## TASK STATEMENT
Please restate word for word the lines of the entries below from the one with "Idalia Yellow Printed Floral Dress" to the one with "Joe Biden's handling", inclusive, and leave out every picture.

[SUPPLIED DATA Boundary: Start]

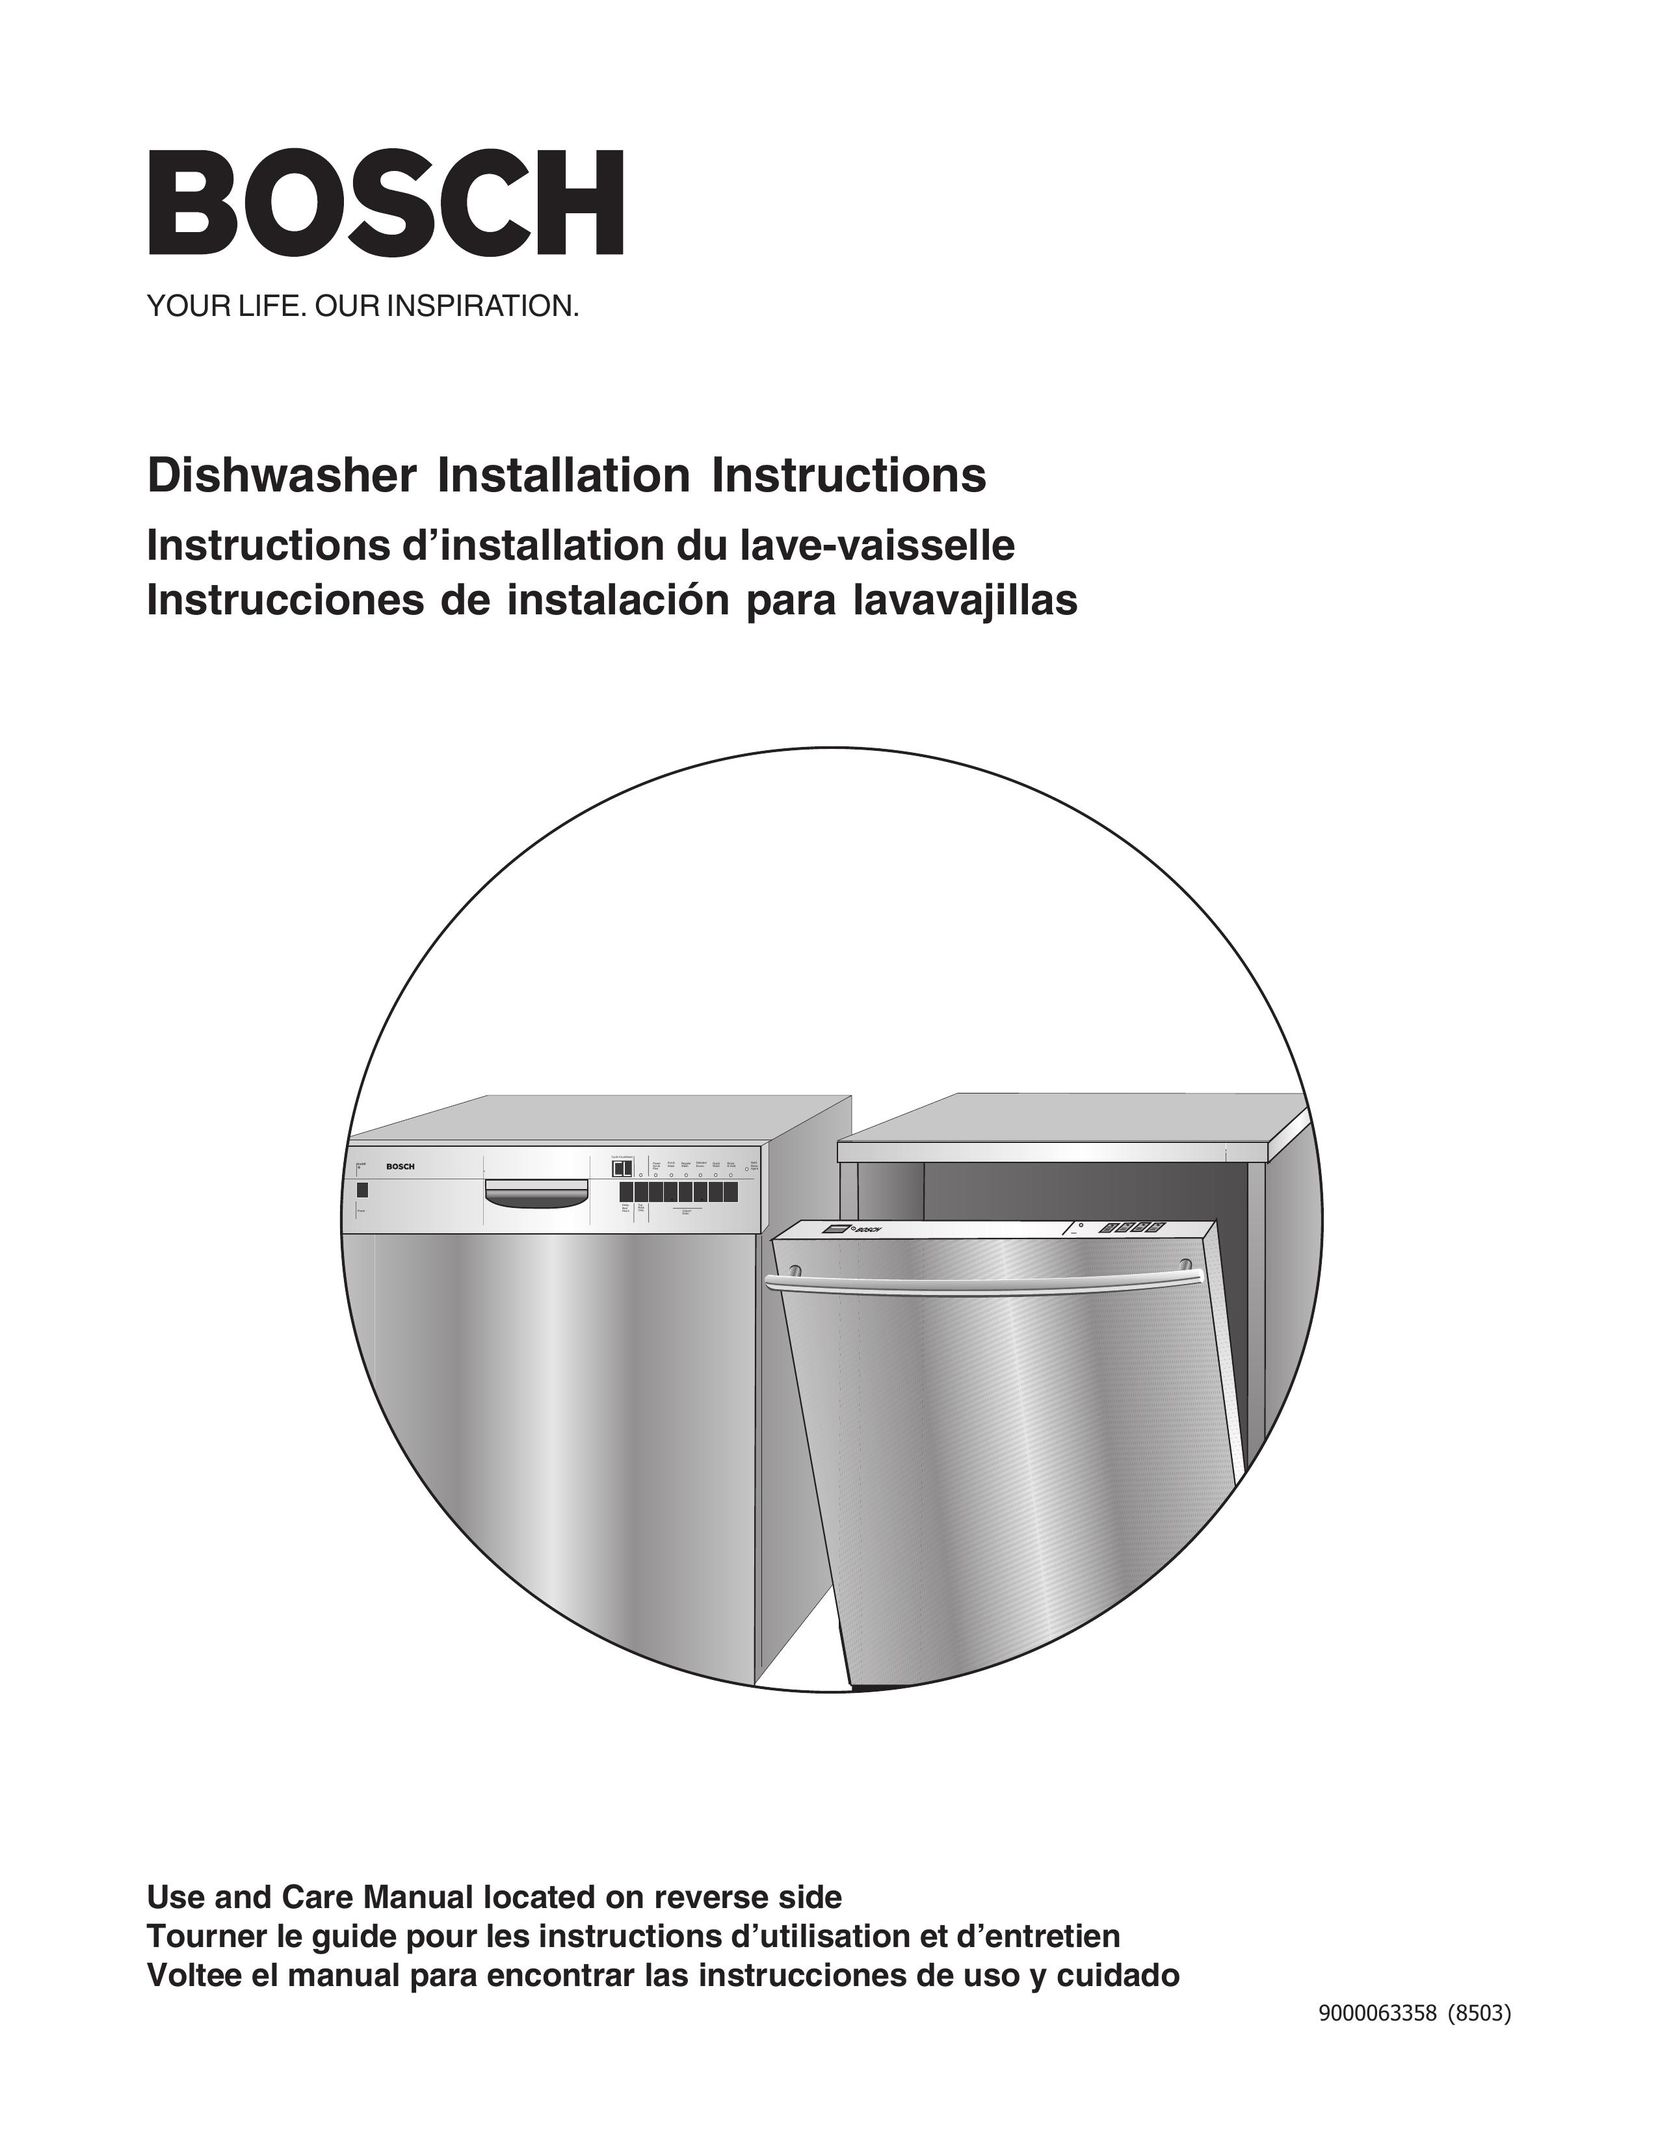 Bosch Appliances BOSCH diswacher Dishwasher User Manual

[SUPPLIED DATA Boundary: End]
[SUPPLIED DATA Boundary: Start]

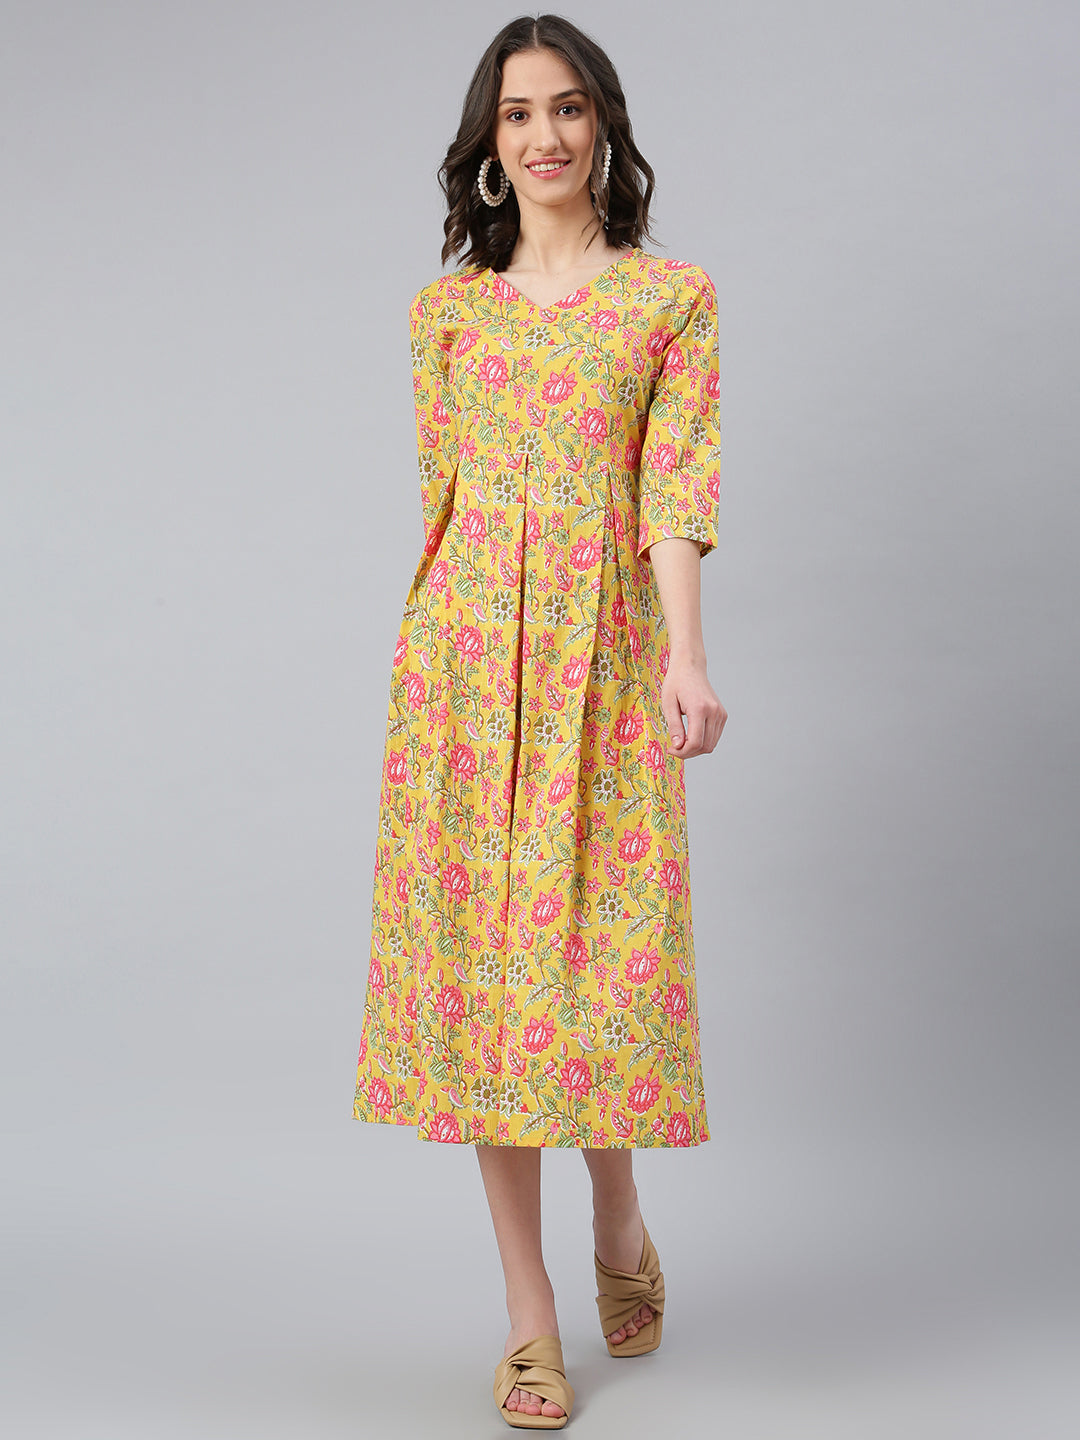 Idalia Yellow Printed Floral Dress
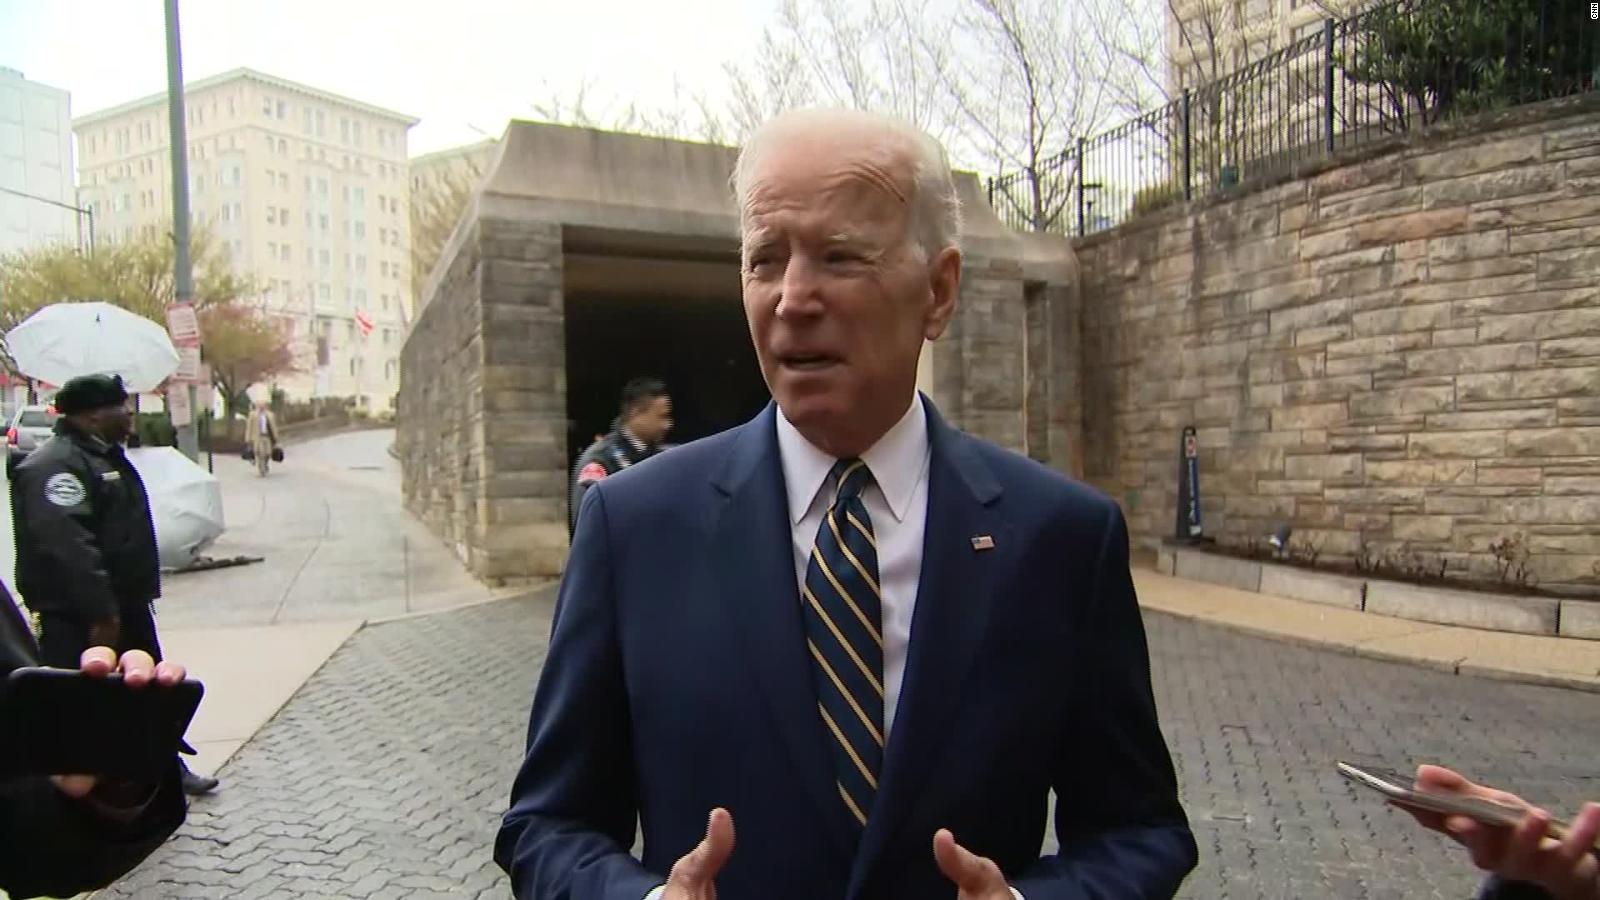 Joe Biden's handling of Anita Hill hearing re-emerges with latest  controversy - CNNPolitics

[SUPPLIED DATA Boundary: End]

## TASK RESPONSE
 Idalia Yellow Printed Floral Dress
 Joe Biden's handling of Anita Hill hearing re-emerges with latest  controversy - CNNPolitics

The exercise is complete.